The center employs veteran Ethiopian-Israeli performing artists Mulat Elazar, Adena Beeyena and Beyne Getahun as instructors in song, dance and theater. The latter, a graduate of the University of Haifa’s theater arts program, has appeared on stages across Israel, the US and Europe. Elazar has performed in musical theater across Israel as well as in Europe and Nigeria.
Beeyena teaches dance and choreography in Jerusalem.
“I’ve been on the stage for 10 years and I always have butterflies in my stomach. It’s not easy,” Getahun counsels his teenage protégés.
On Sundays he, Elazar and Beeyena teach a combination of traditional Ethiopian song and dance and hold a workshop to create original scores and dances. On Tuesdays they help the students with their theatrical skills. The themes revolve around home life, school and the community.

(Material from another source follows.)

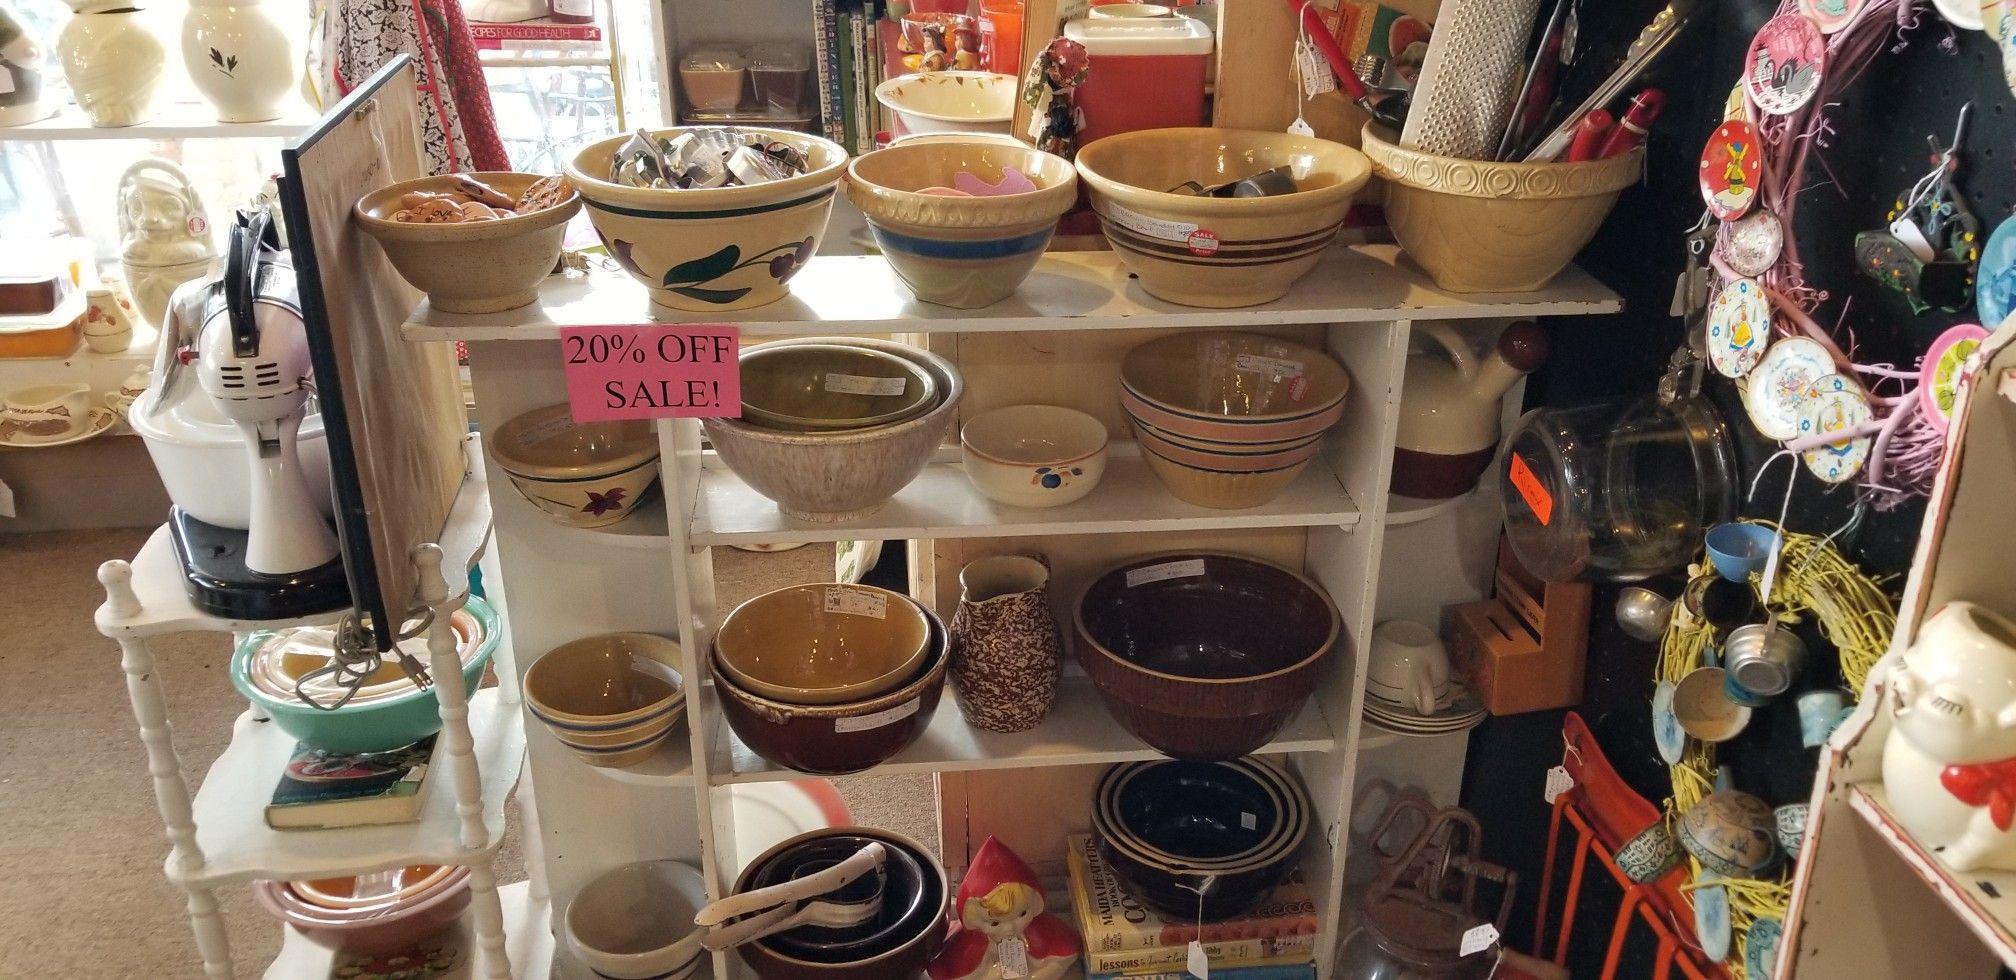 Vintage Bowls In 2020 Vintage Bowls Naperville Illinois Bowl

“Often we’re able to learn about their personal lives through the skits that they create. Afterwards we discuss their family dynamics and the challenges they encounter, including racism,” notes Shipley. “One story one of the boys told was that while playing football on the streets of Kiryat Menahem with his Ethiopian friends, a native Israeli boy asked to join. The boy’s mother then ran out and scolded him that he can’t play with the Ethiopian kids because their skin color is contagious and he would become black.

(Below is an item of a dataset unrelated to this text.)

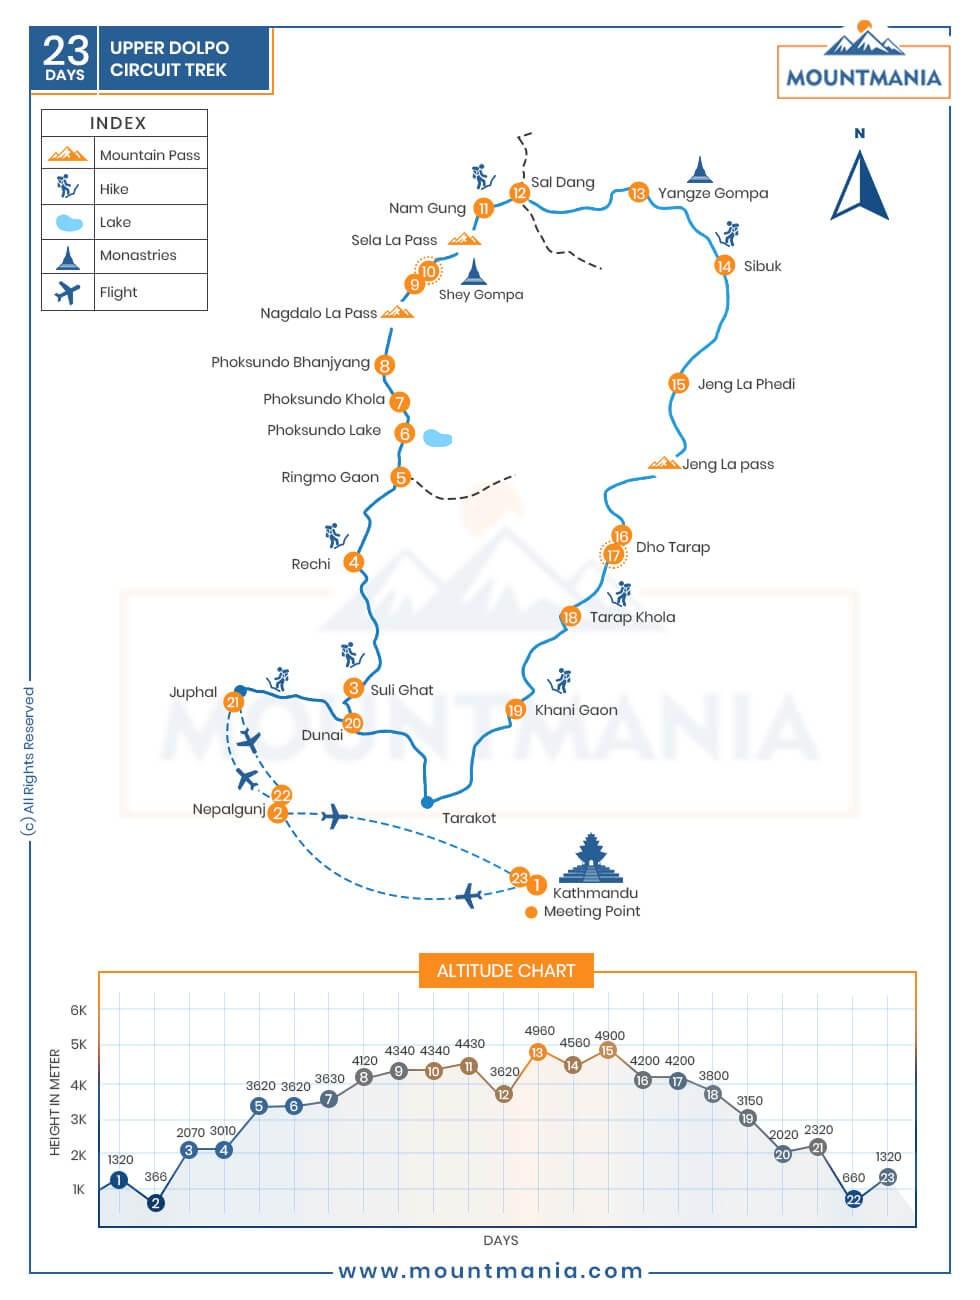 Upper Dolpo Circuit Trek map

“One of the girls who lives in Talpiot told a story about the girls in the grade above her in high school who drew a virtual line in the hall and said ‘You Ethiopians stay on the other side.’ These same girls will cross the street not to walk on the same sidewalk with them.”
The center provides a supportive base for catharsis free of racial taunts. The center also allows the teens to act their age rather than always being forced to take care of parents who find it more difficult to adapt to a new culture.
Havto, 17, who asked that his surname not be used, says, “I’ve been very excited to embark upon this journey to learn about my traditional culture.” Getacho, 16, concurs: “No matter what the weather or whatever else is happening in my life, I wait for Sundays and Tuesdays. They’re the highlights of my week.”
Rivka, 17 adds, “This is my second year in the theater program.
It’s made a tremendous difference in how I present myself day to day, and the process is so much fun.”
On a recent evening, parents and siblings were invited to watch their sons and daughters perform. The series of skits drew peals of laughter with inside jokes about eating injera (a traditional Ethiopian flatbread) with a knife and fork. Quips about YouTube attest to the rapid acculturation and the generation gap that has left many of their parents behind.
All activities at the Queen of Sheba Center are free, notes Shipley, thanks to funding from the Jerusalem Municipality’s Kidum Noar program, which works with high-risk youth, the US Embassy’s Office of Public Affairs, the municipality’s arts department and the local Neighborhood Improvement department of Talpiot.
Shipley is fund-raising to expand the Queen of Sheba program with a youth orchestra composed of traditional Ethiopian instruments including the mashenko (a string instrument played with a bow like a violin), krar (a string instrument strummed like a guitar), kabero (traditional drum) and washint (flute).